BEGIN
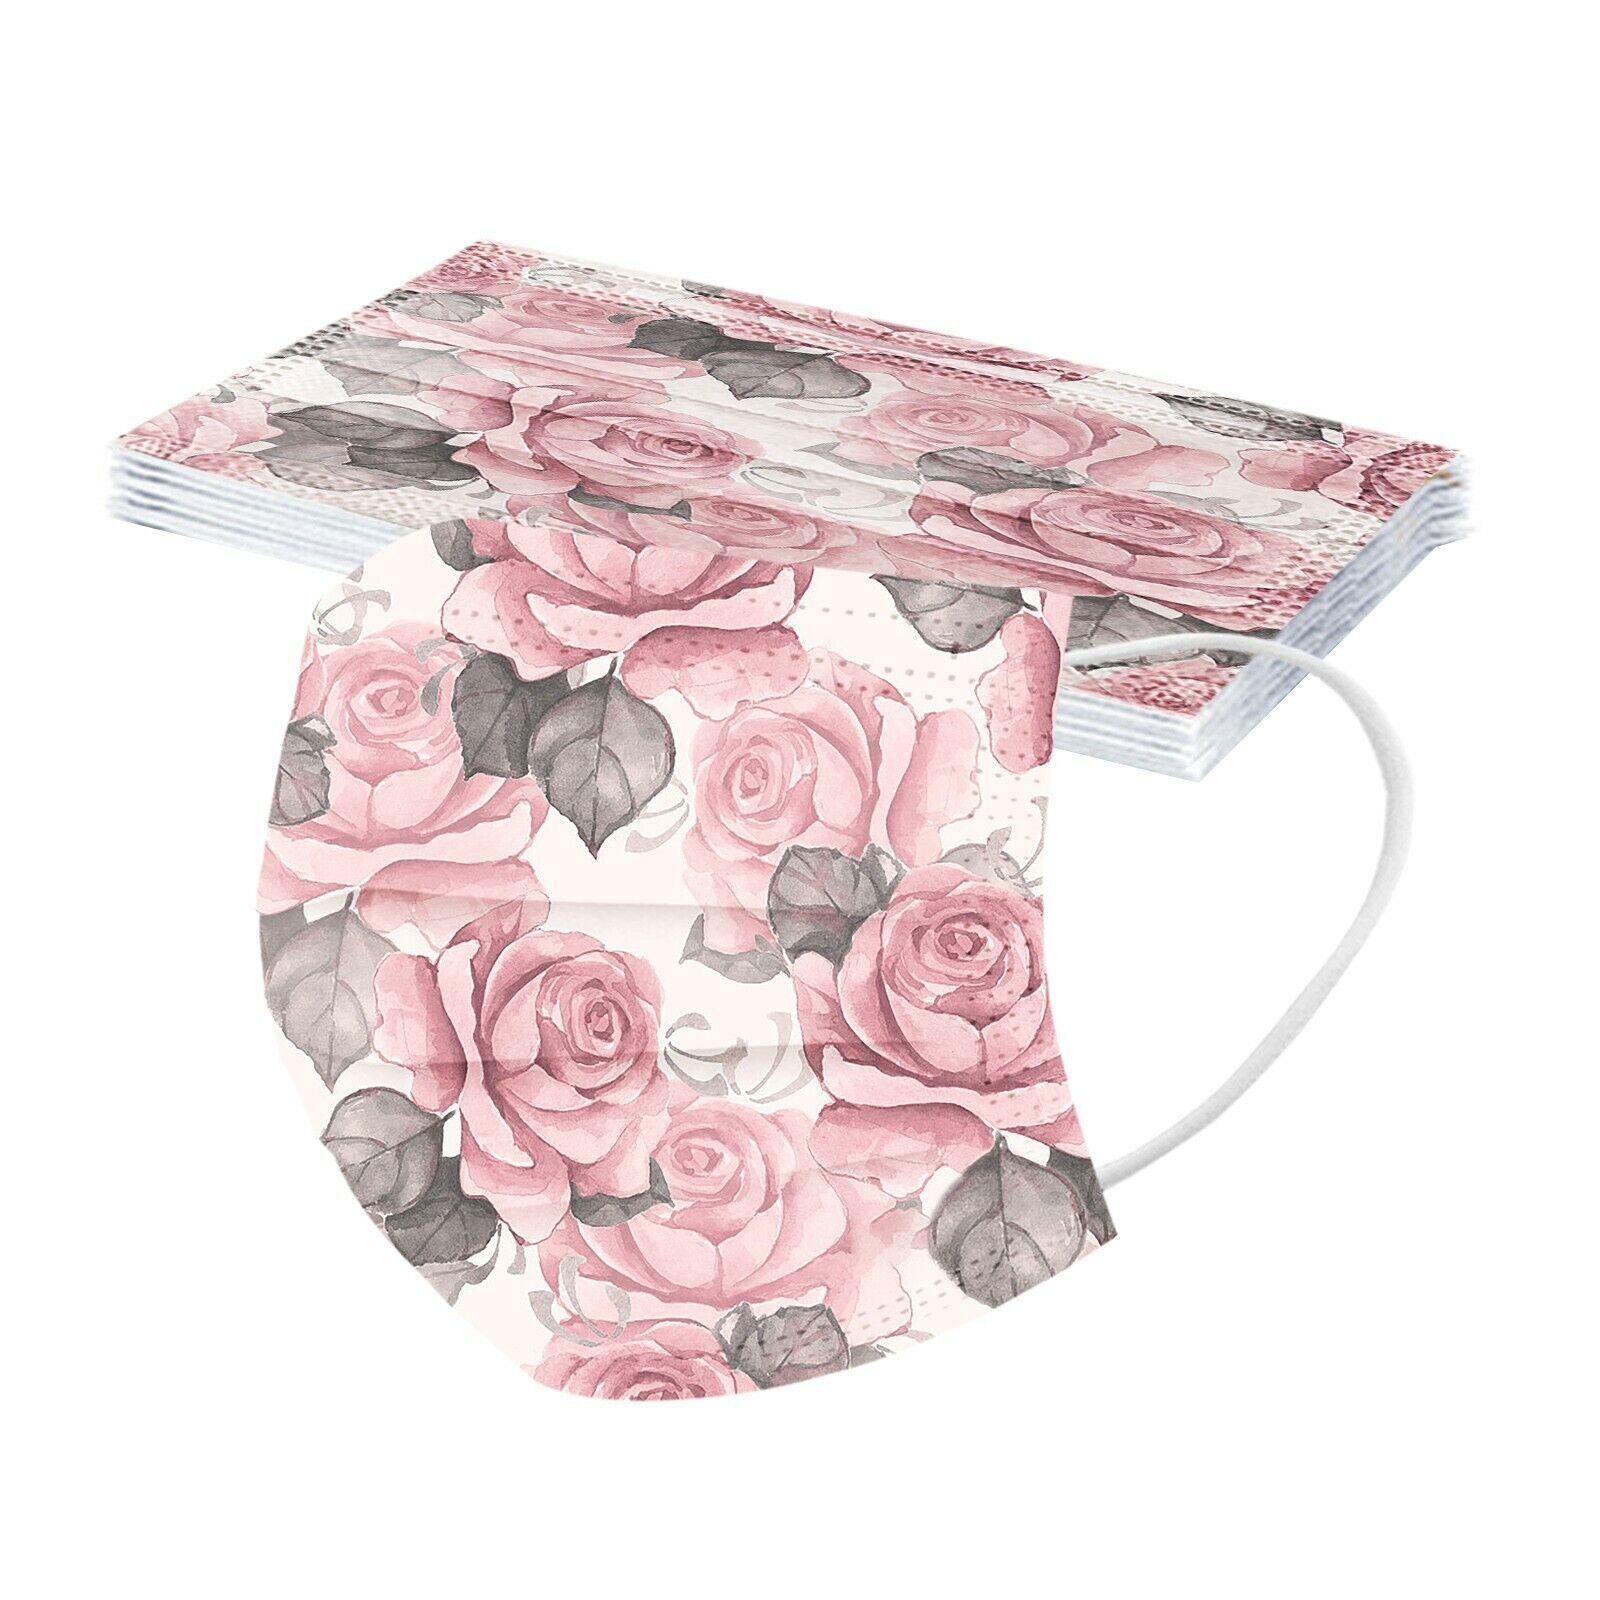 10-50x Mund-Nasen-Maske Blumen Rose Rosen Floral Muster Motiv bunt farbig Rosa
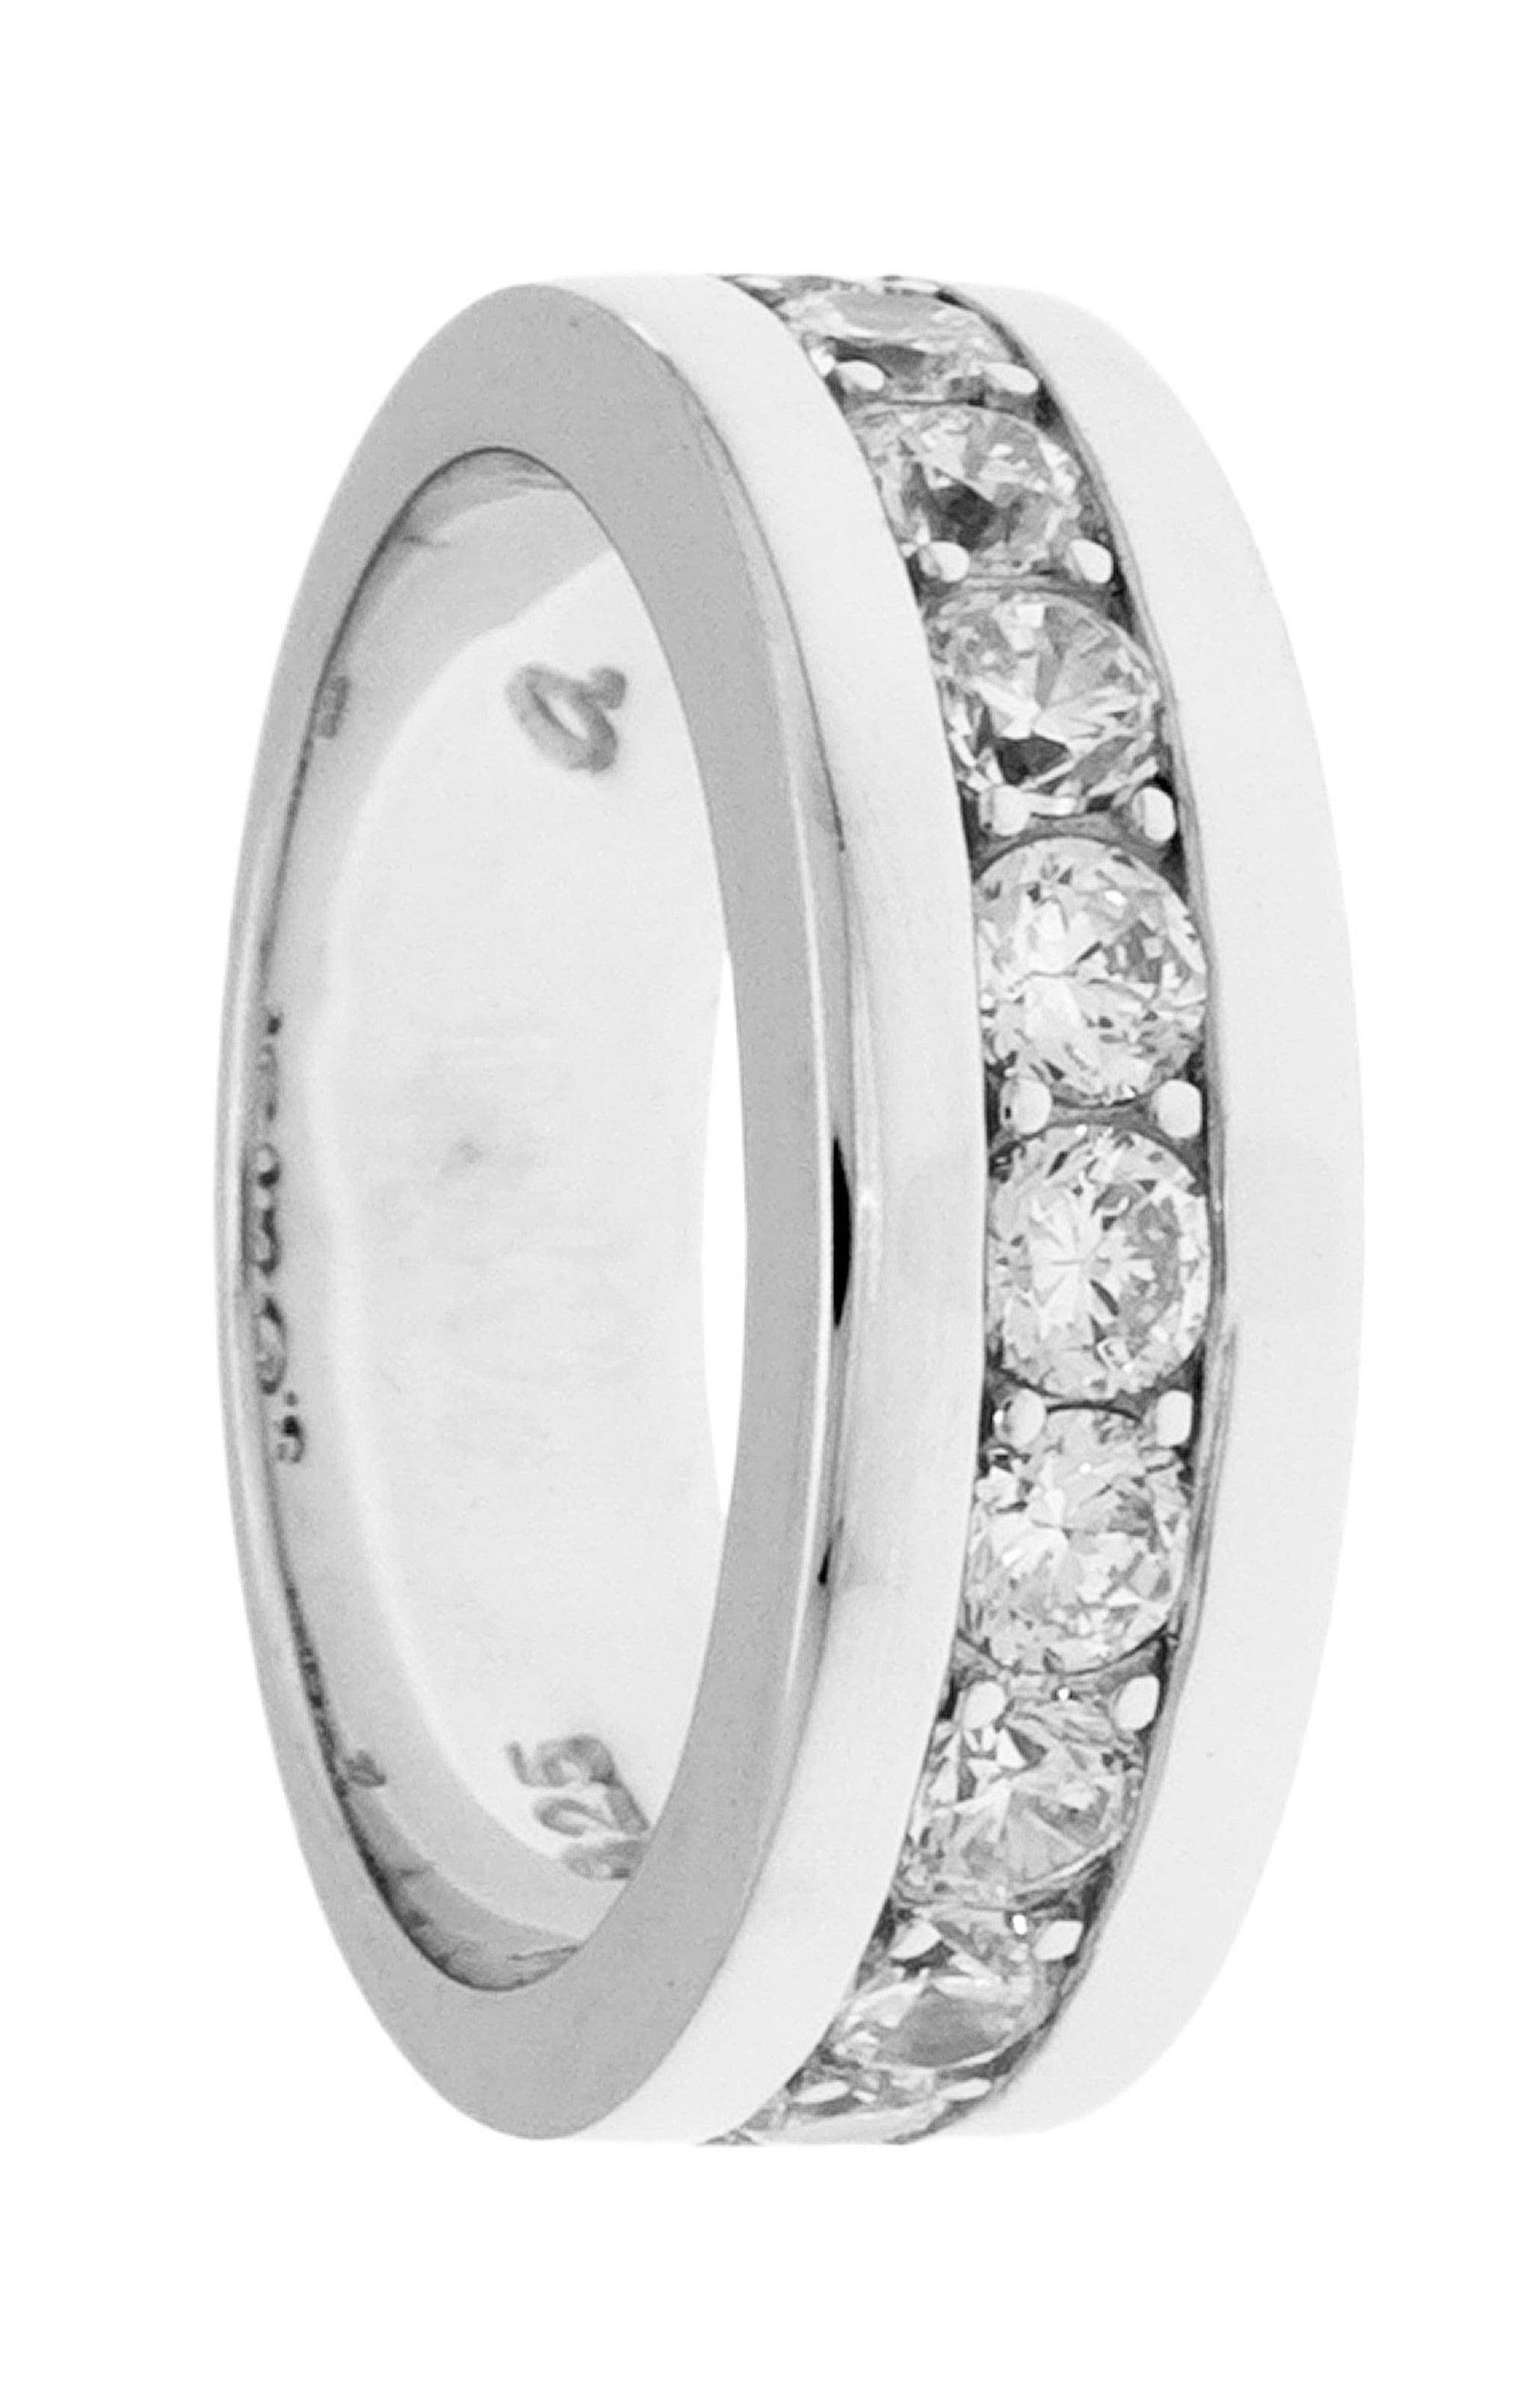 s.Oliver RED LABEL Ring SO105 Geschäft Verkauf Neueste Rabatt Shop-Angebot Billig Verkauf Sammlungen xkBN70vY
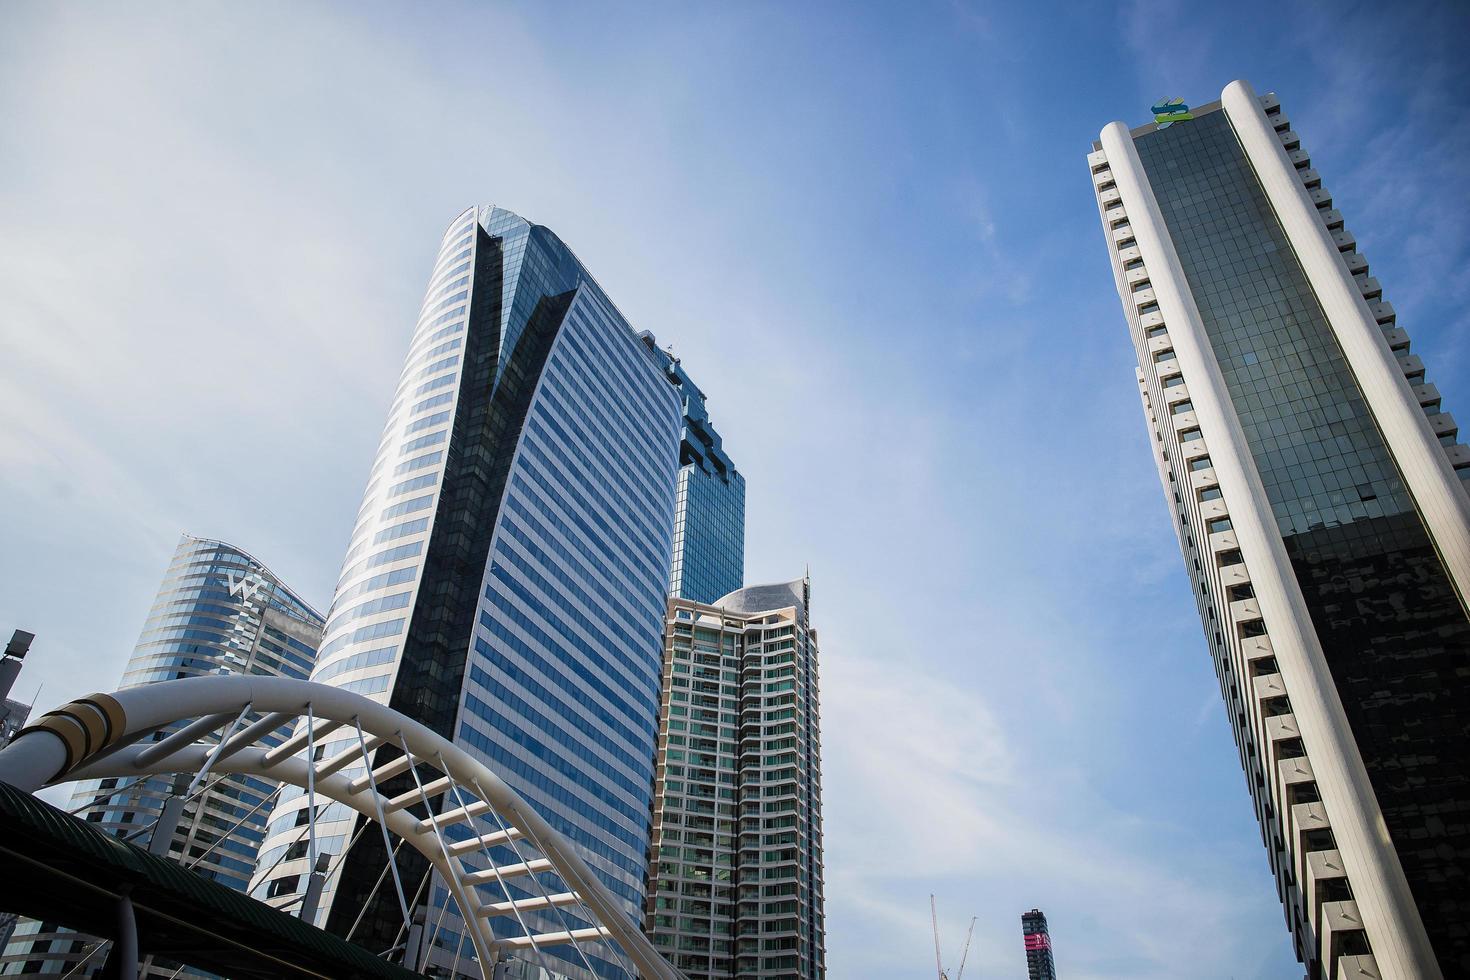 Bild von Wolkenkratzern mit der Brücke und dem Himmel foto
END
TASK DETAILS: Return the data exactly. Do not carry over any images.

RESPONSE AREA:
 10-50x Mund-Nasen-Maske Blumen Rose Rosen Floral Muster Motiv bunt farbig Rosa
 s.Oliver RED LABEL Ring SO105 Geschäft Verkauf Neueste Rabatt Shop-Angebot Billig Verkauf Sammlungen xkBN70vY
 Bild von Wolkenkratzern mit der Brücke und dem Himmel foto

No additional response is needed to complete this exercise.